A new approach to software safety

Background

Historically, software components with a safety-related role have been expected to be low size (in terms of lines of code) and complexity, and were commonly developed from scratch for a specific purpose and system. In this sense, they were not dramatically different to electronic components, and so it made sense to treat them in a similar way, applying similar functional safety principles.

These principles have historically been understood as requiring deterministic behaviour for such software; that is, the software design should enable us to predictably determine what the software will do in a given circumstance, so that the safety implications of that behaviour can be clearly understood, and either controlled or mitigated.

Modern software-intensive systems, typically involving a multi-core microprocessor and a range of inputs and outputs, present a very different set of challenges:

They may be orders of magnitude larger than the software components historically used in safety-critical systems
Most of the code is pre-existing and developed with re-use in mind, often provided by a large number of common dependencies
They make extensive use of open source software, which is developed without many of the formal software engineering practices that safety standards expect
There is an implicit assumption that software will evolve, potentially changing many times over the lifetime of a system, to address bugs and add new features or enhancements
They may make use of AI/ML models, which mean that a system's behaviour cannot be validated against a fixed, deterministic specification
They use multi-tasking operating systems, which also exhibit non-deterministic behaviour, as they adapt to unpredictable internal stimuli from processes executing in parallel

The scope and complexity of some safety-critical applications under development are outpacing the ability of existing safety-certified software solutions to deliver. Increasingly, such applications are being developed using technology that has been developed with open source software in non-safety contexts, which means that product developers are confronted with two equally daunting challenges: (1) adapt the technology to run on a safety-certified platform based on a Real-Time Operating System (RTOS), which may have a radically different performance profile and none of the existing dependencies, or (2) apply safety standards to open source software, which deviates markedly from 'traditional' models of the software engineering lifecycle. The second option is the focus of initiatives such as ELISA, which explores the challenges of using Linux for safety critical systems.

A new approach

Codethink have been exploring these challenges for several years, both as a contributor to ELISA and Trustable, and in the course of our work with customers in the automotive industry. We have been supported on this journey by expert consultancy from Exida, a world-leading authority on safety certification.

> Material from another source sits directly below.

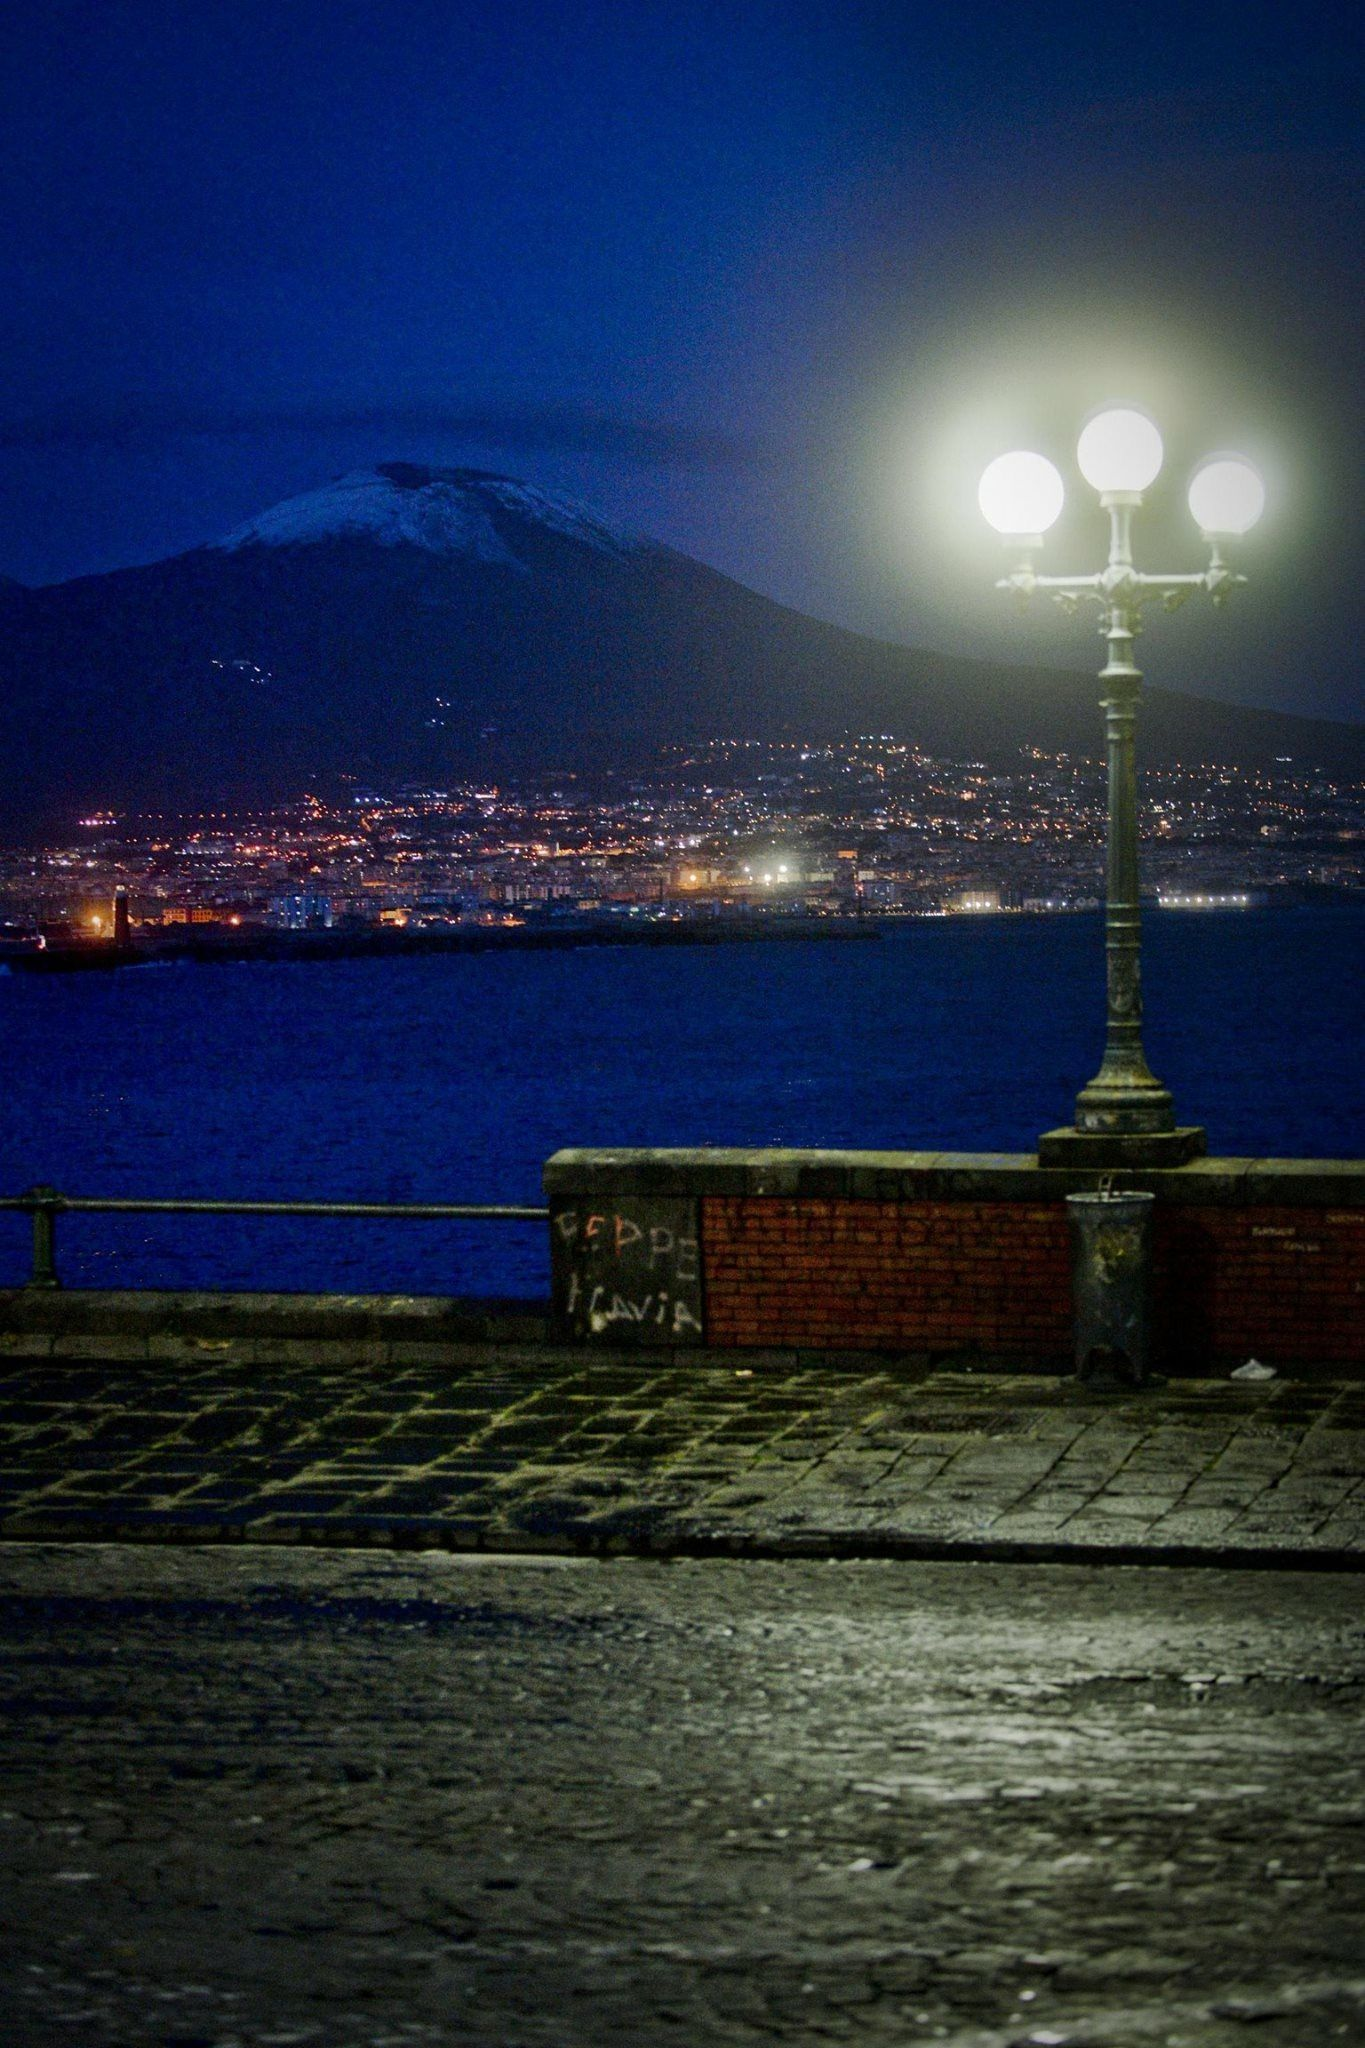 Di Notte Napoli Paesaggi Citta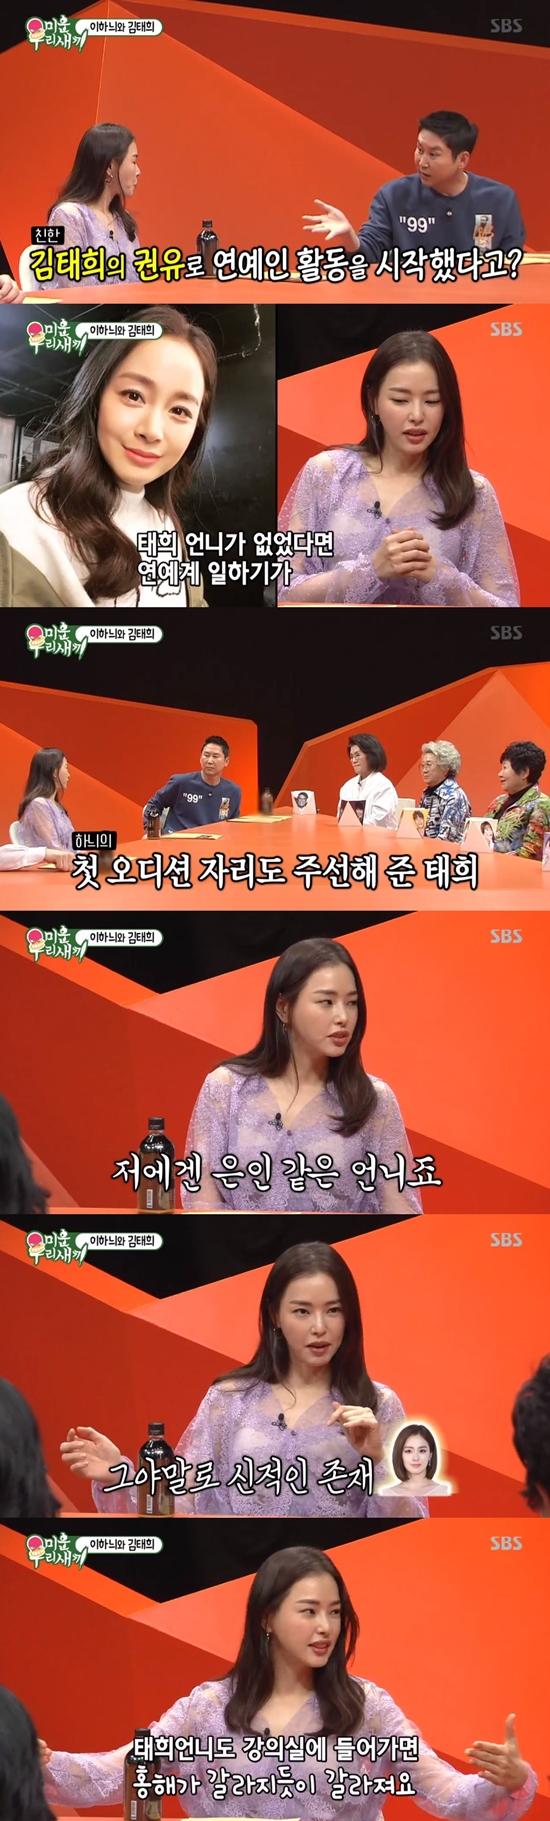 '미우새' 이하늬, 김태희 향한 고마움→털털함으로 매력 발산 [엑's 스타]

In order to make safety-related promises about the behaviour of systems running complex software on multi-core microprocessors, including pre-existing open source software such as Linux, we believe that a new approach to software safety will be required, which:

Can be applied to a huge body of pre-existing code, within a justifiable cost and time frame
Can handle a very high rate of upstream, development and integration change
Recognises the unique characteristics of modern software components in comparison with other system elements

This article proposes a new approach, developed with operating systems based on Linux in mind, that seeks to address these objectives.

Note that the activities described are expected to form part of an iterative process for a given system, with each iteration refining the system's specification and associated safety analysis, and the measures required to verify and validate it.

OS responsibilities

Our first challenge is to specify, with sufficient clarity, what we need Linux to do as part of a system, and how these responsibilities are relevant to the safety-critical elements of that system.

For a general-purpose operating system component like the Linux kernel, which has evolved to support a very wide variety of hardware and applications, the potential scope of its responsibilities may be very large. However, not all of this functionality will necessarily be related to the system's safety-critical applications; depending on the nature of the responsibilities, we may be able to limit our specification to a subset.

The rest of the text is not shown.